Many in the room assumed the underbidder was Asian, given that buyers from that continent have been helping the market keep its buoyancy, at least for correctly estimated works.

The painting was backed by a so-called irrevocable bid, also known as a third-party guarantee, meaning that it would sell no matter what happened in the salesroom. It probably needed that insurance since it bought in at its previous outing back in June 2010 at Christie’s London, when it was aggressively estimated at £30-40 million.

“A lot of buyers wouldn’t have been in the market in 2010,” Hook opined of the Monet in an interview after the auction—“especially those from the emerging markets in Asia, Russia and South America.”

The Monet didn’t break the £40.9/$80.3 million record for the artist set at Christie’s London in June 2008 for “Le basin aux nympheas” from 1919, but did set the second highest mark for the artist at auction.

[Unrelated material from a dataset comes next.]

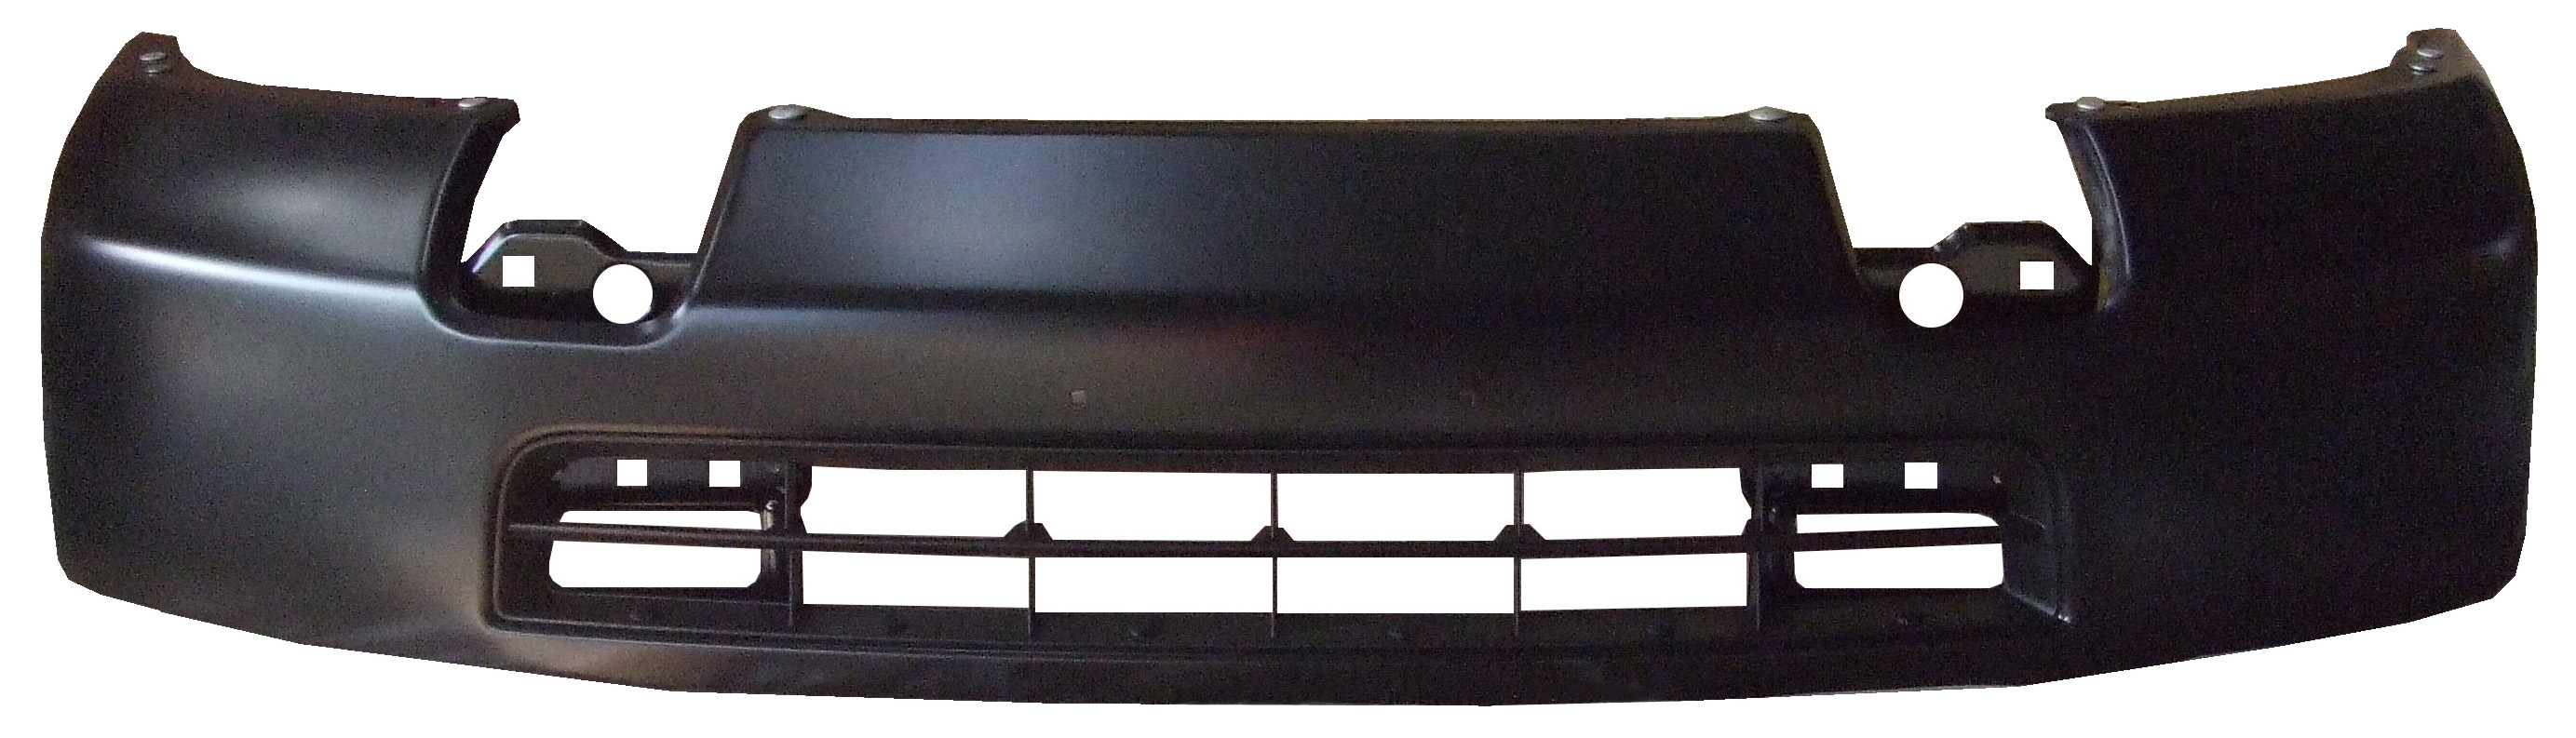 Aftermarket METAL FRONT BUMPERS for NISSAN - NV3500, NV3500,12-21,Front bumper face bar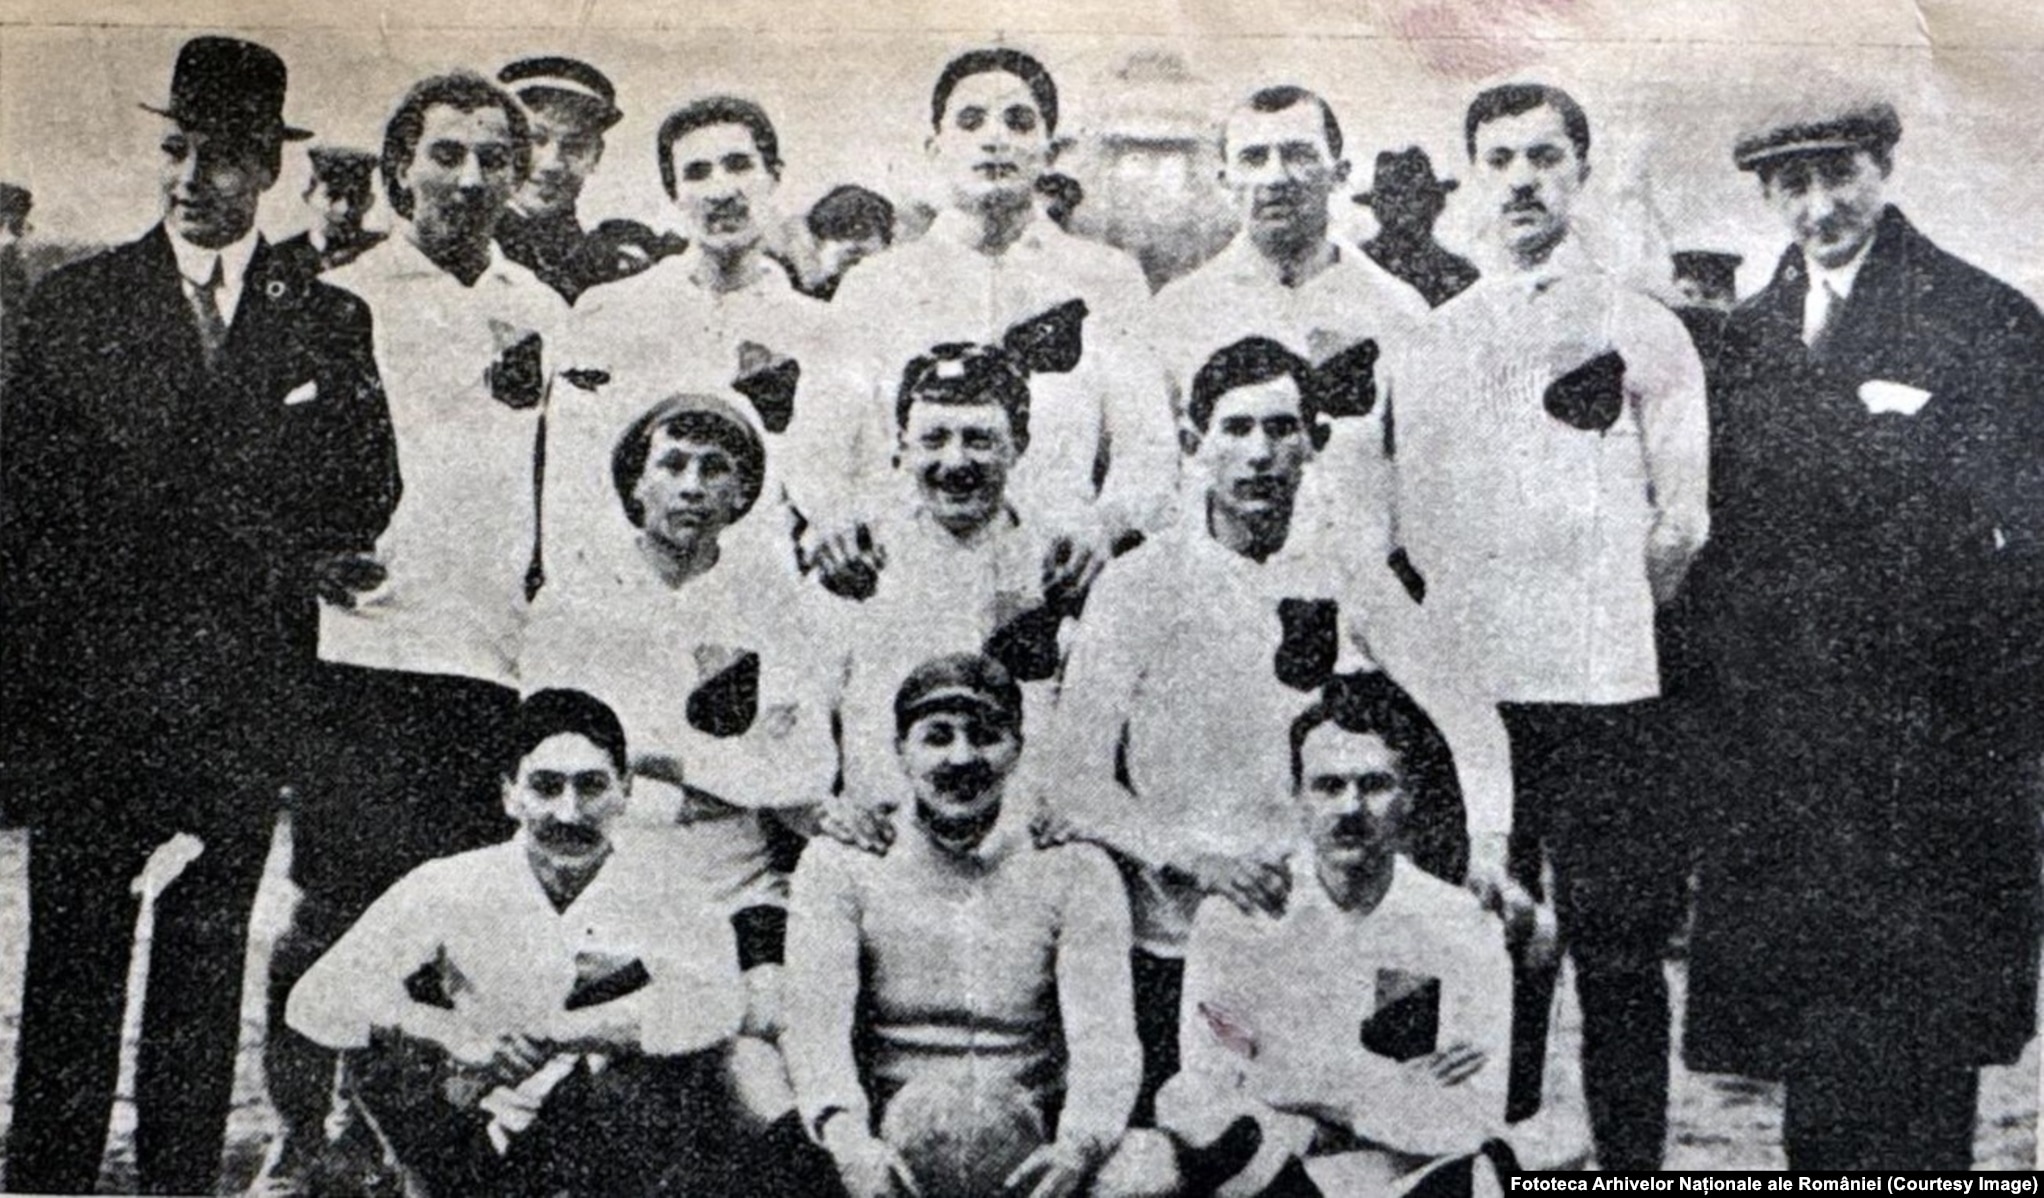 Prima echipă românească de fotbal, Olympia, în 1909. Pe rândul din stânga jos este Mario Gebauer, cel care a adus prima minge de fotbal din România și avea să fie primul președinte al Federației de Fotbal.

It was a strong night for the artist, as two other Monets, from the collection of Ralph C. Wilson, Jr., also made hay. The cover lot, the sun-splashed “Antibes, vue du plateau Notre Dame” from 1888, sold to another telephone bidder for £7,922,500/$13,503,901 (est. £6-8 million), and “La seine a Argenteuil,” an earlier plein air work from 1875, brought £8,538,500/$14,553,73 (est. £7-10 million). Both pictures carried auction house financial guarantees.

Sculpture was also part of the successful mix, with a petite Alberto Giacometti, the 11-inch-high painted bronze “Figurine sur grand scole,” from a 1950 cast, making £1,594,500/$2,717,825 (est. £800,000-1.2 million), and a Rembrandt Bugatti bronze wild animal portrait, “Deux grands leopards” from a posthumous 1934 cast, bringing in £938,500/$1,599,673 (est. £500-700,000).

“We benefitted from a series of realistically estimated properties,” Hook concluded, “which made the whole thing look pretty good.”

The evening action resumes at Christie’s London on Tuesday.